Available data ->

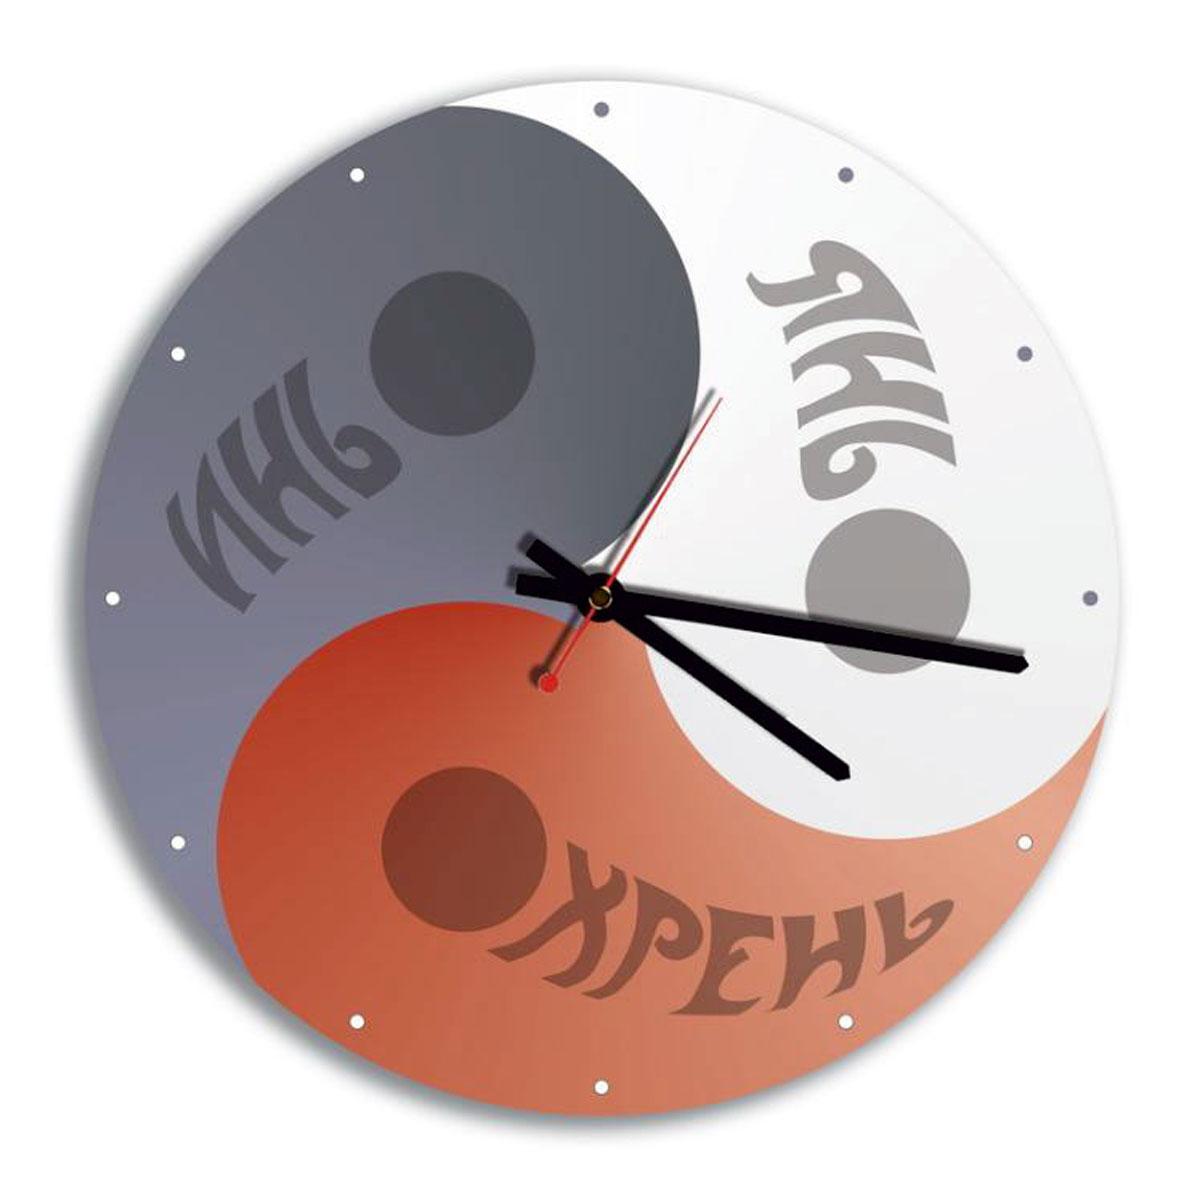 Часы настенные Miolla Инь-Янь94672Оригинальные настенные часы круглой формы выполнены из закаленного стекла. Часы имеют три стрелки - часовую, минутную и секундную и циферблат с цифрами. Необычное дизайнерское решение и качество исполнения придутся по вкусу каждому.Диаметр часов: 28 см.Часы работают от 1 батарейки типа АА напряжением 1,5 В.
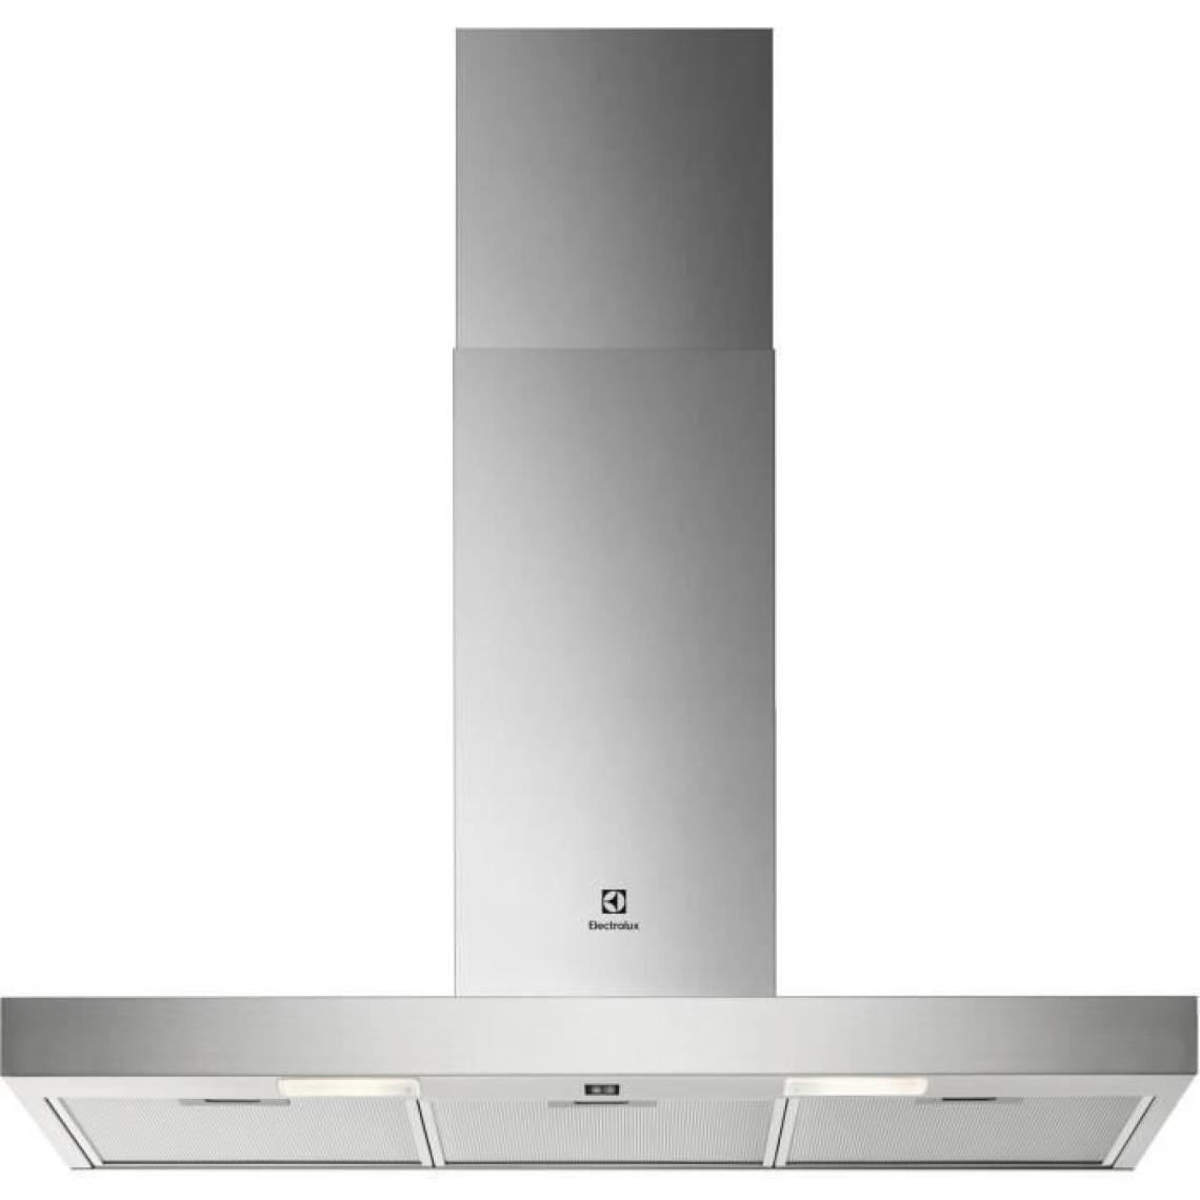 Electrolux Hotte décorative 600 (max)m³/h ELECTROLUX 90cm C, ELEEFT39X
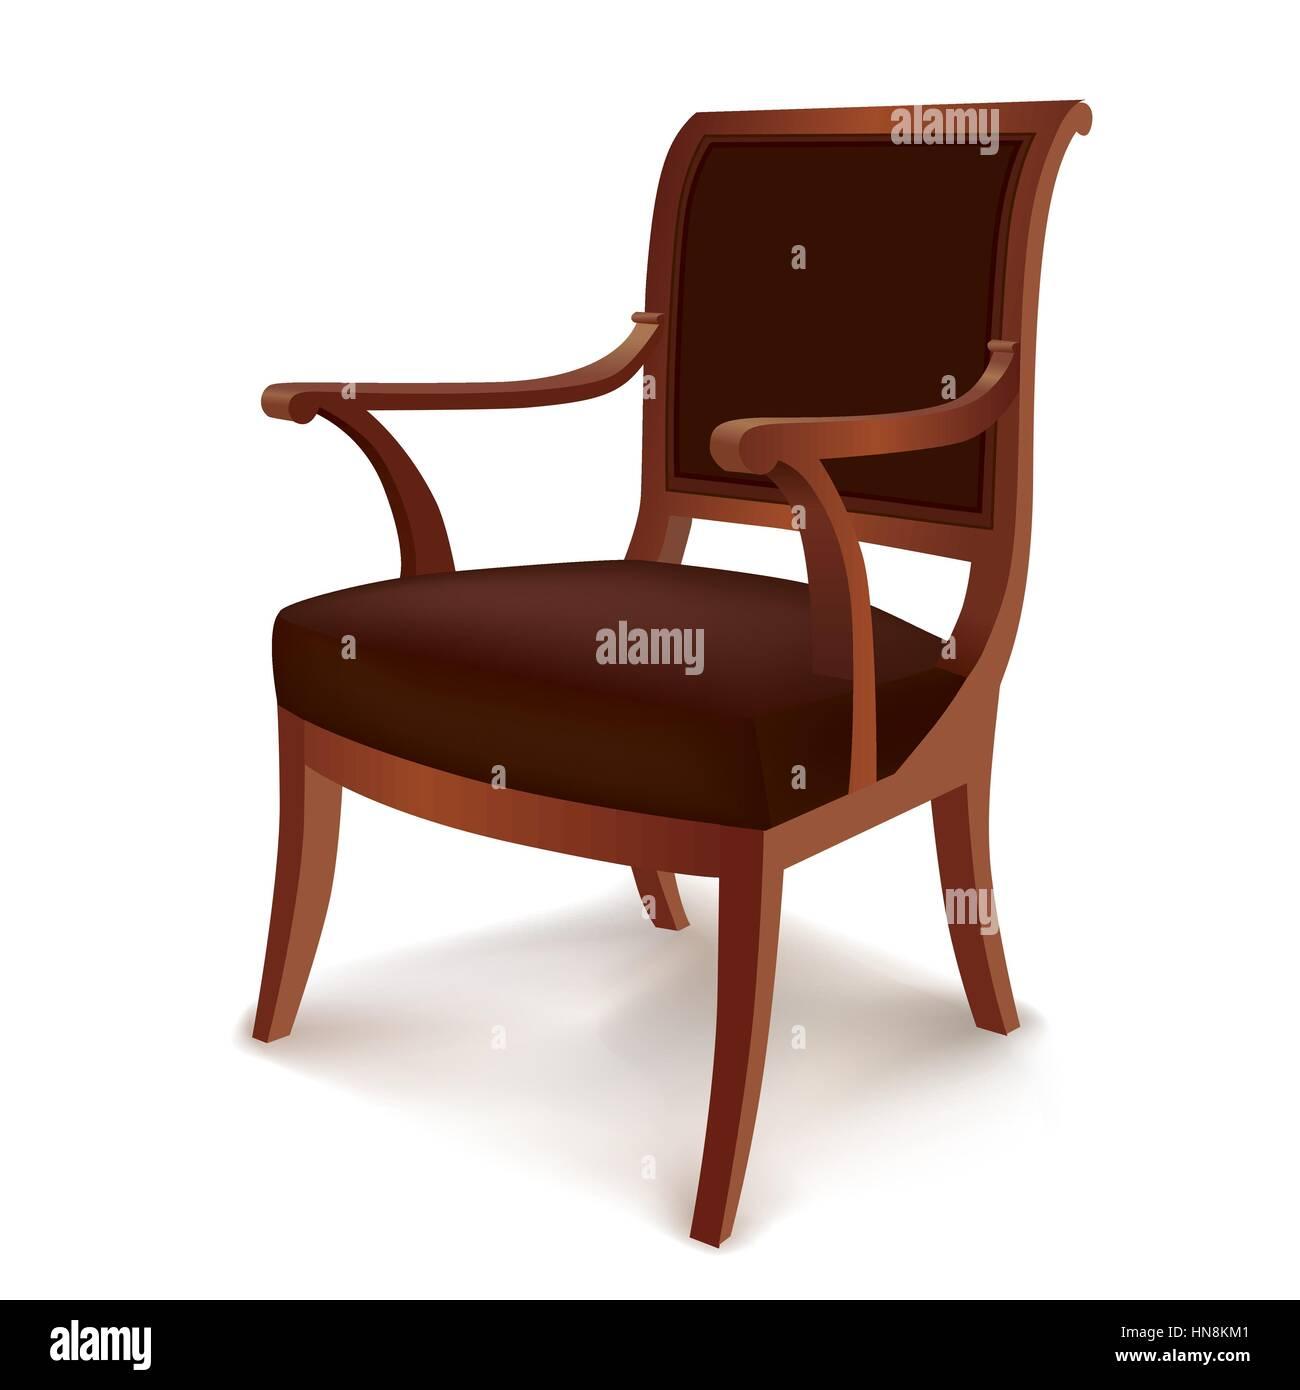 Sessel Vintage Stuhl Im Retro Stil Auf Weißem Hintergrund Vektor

Assignment -> Repeat the material above exactly. Leave every picture out of it.

Task result ->
 Часы настенные Miolla Инь-Янь94672Оригинальные настенные часы круглой формы выполнены из закаленного стекла. Часы имеют три стрелки - часовую, минутную и секундную и циферблат с цифрами. Необычное дизайнерское решение и качество исполнения придутся по вкусу каждому.Диаметр часов: 28 см.Часы работают от 1 батарейки типа АА напряжением 1,5 В.
 Electrolux Hotte décorative 600 (max)m³/h ELECTROLUX 90cm C, ELEEFT39X
 Sessel Vintage Stuhl Im Retro Stil Auf Weißem Hintergrund Vektor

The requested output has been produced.